Using past buying habits can give you leeway, but it won’t go far enough when we look to a year like 2021 where consumer preferences will flow more than ever. A managing director of consulting firm AlixPartners LLP stated in the Wall Street Journal story: “It’s a bad approach to just make decisions.” Instead, the piece says: Retailers need to figure out what consumers want from them and then stand up for it.

It reminds me of the famous quote often attributed to John Wanamaker about marketing investments: “Half the money I spend on advertising is wasted; The problem is, I don’t know which half. “… How stupid in this day and age of data that according to the NRF 50% of products also fail. So which one do you drop

A new report from Mazars discussed how the luxury model will be reborn as the industry adapts to the changing expectations of new customer cohorts. According to the report, the luxury sector has long viewed in-person sales as central. Today, however, the play notes that that is changing and that the global luxury sector is re-adjusting to the expectations and demands of customers who may never set foot in their businesses, as well as wealthy Millennials and Gen Zers and wealthy customers in China . These customers expect experiences that allow them to browse and purchase both online and in-store, for instant and accurate information about a product’s sustainability and authenticity, and for post-purchase care. This has sparked a full digital transformation in the luxury industry, and these retailers and brands are more focused than ever on customers to build loyalty, create experiences and drive repeat sales, the report said.

The reality is that retailers and brands shouldn’t just burn and burn, they should find a way to search their inventory to get consumers what they want, in order to squeeze every dollar out of it to survive.
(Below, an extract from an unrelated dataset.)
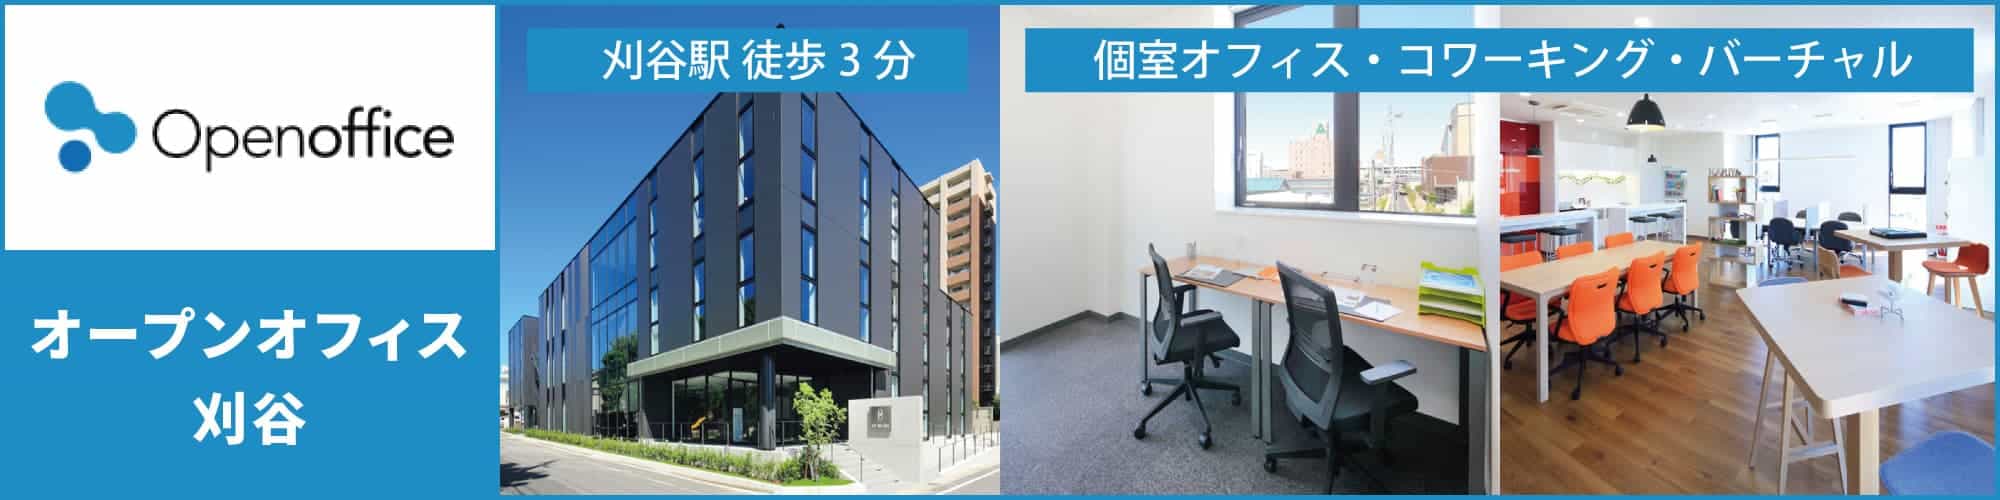 【オープンオフィス刈谷】刈谷駅から徒歩3分のレンタルオフィス・コワーキングスペース

I recently attended the WWD Virtual Apparel and Retail Summit, where I shared with Jonathan Duskin, CEO of Macellum Capital Management. We discussed how companies need to reduce risks. Move quickly. Exam. Expect. Then act. And that approach needs to have the right data to support decisions. The fact that only a fraction of retailers and brands have invested in technology that, in my humble opinion, enable them to anticipate consumer buying behavior is difficult to fathom right now – especially as innovation in the industry has accelerated.
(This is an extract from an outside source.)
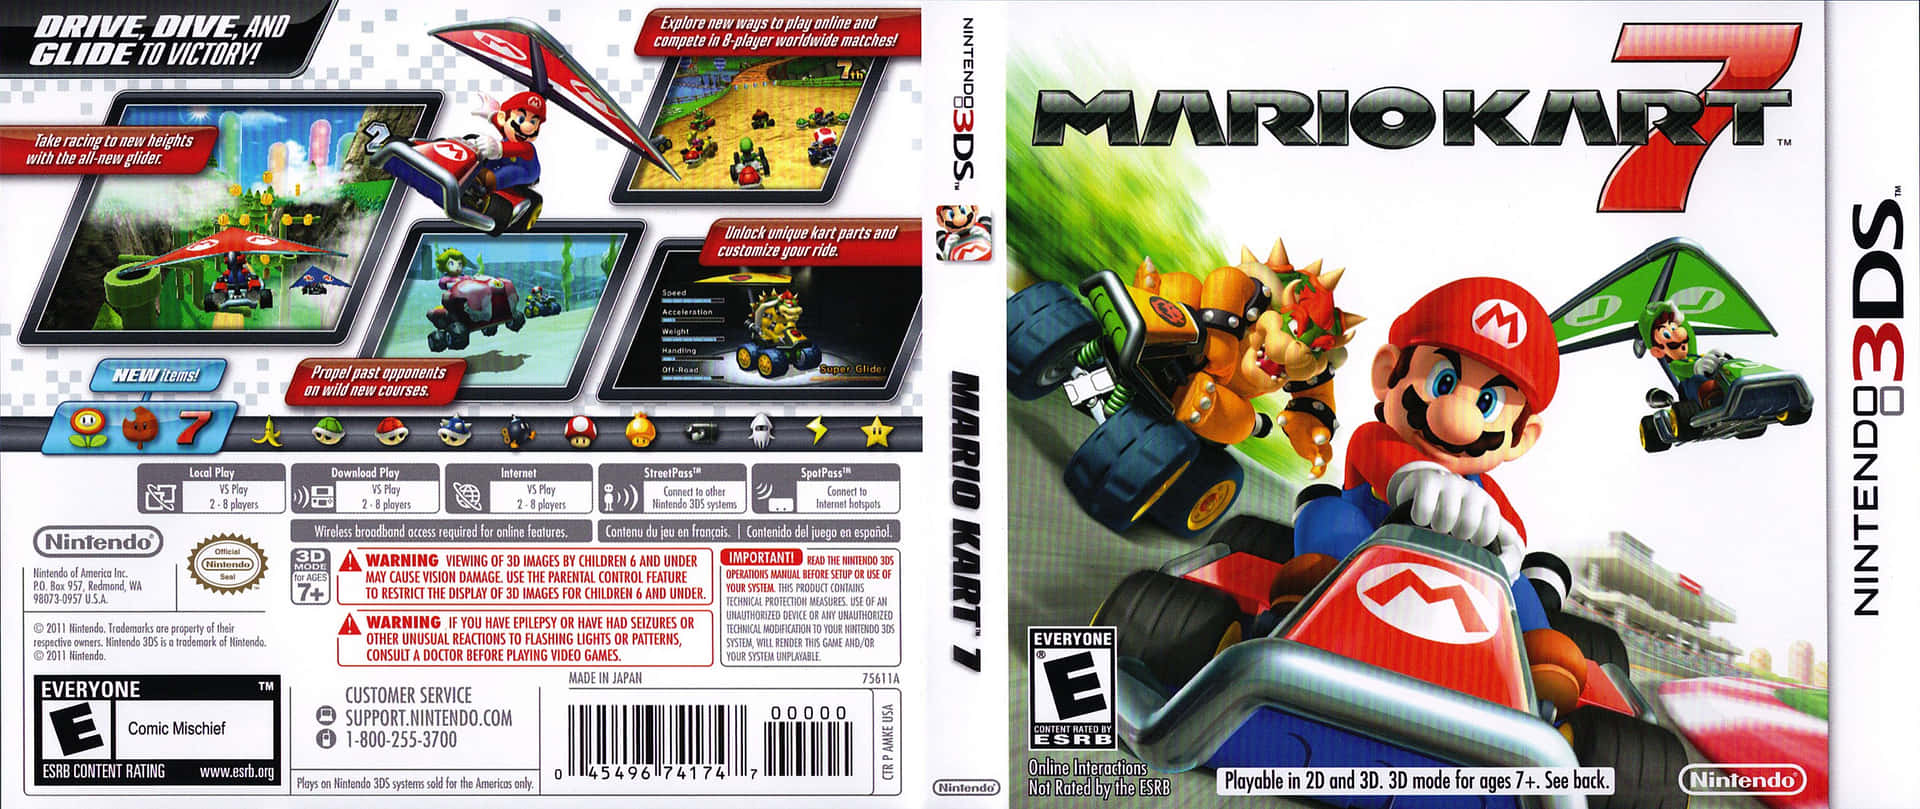 Necesitarástoda La Práctica Que Puedas Conseguir Antes De Competir En Mario Kart.

Our recent survey further demonstrated this ubiquitous separation.

For the next year, it is likely that we will see more of this in the first six months (i.e. bankruptcies, closings, liquidations) and likely longer as we wait for vaccinations to reach critical mass. CEOs and business decision-makers need to stop being tactical about how they run their business and use anything other than history or gut instinct to effectively improve margins. Harnessing the consumer’s voice through technology is the missing link enabling retailers and brands to ensure their inventory matches what consumers want to buy and create experiences that generate much-needed recurring revenue.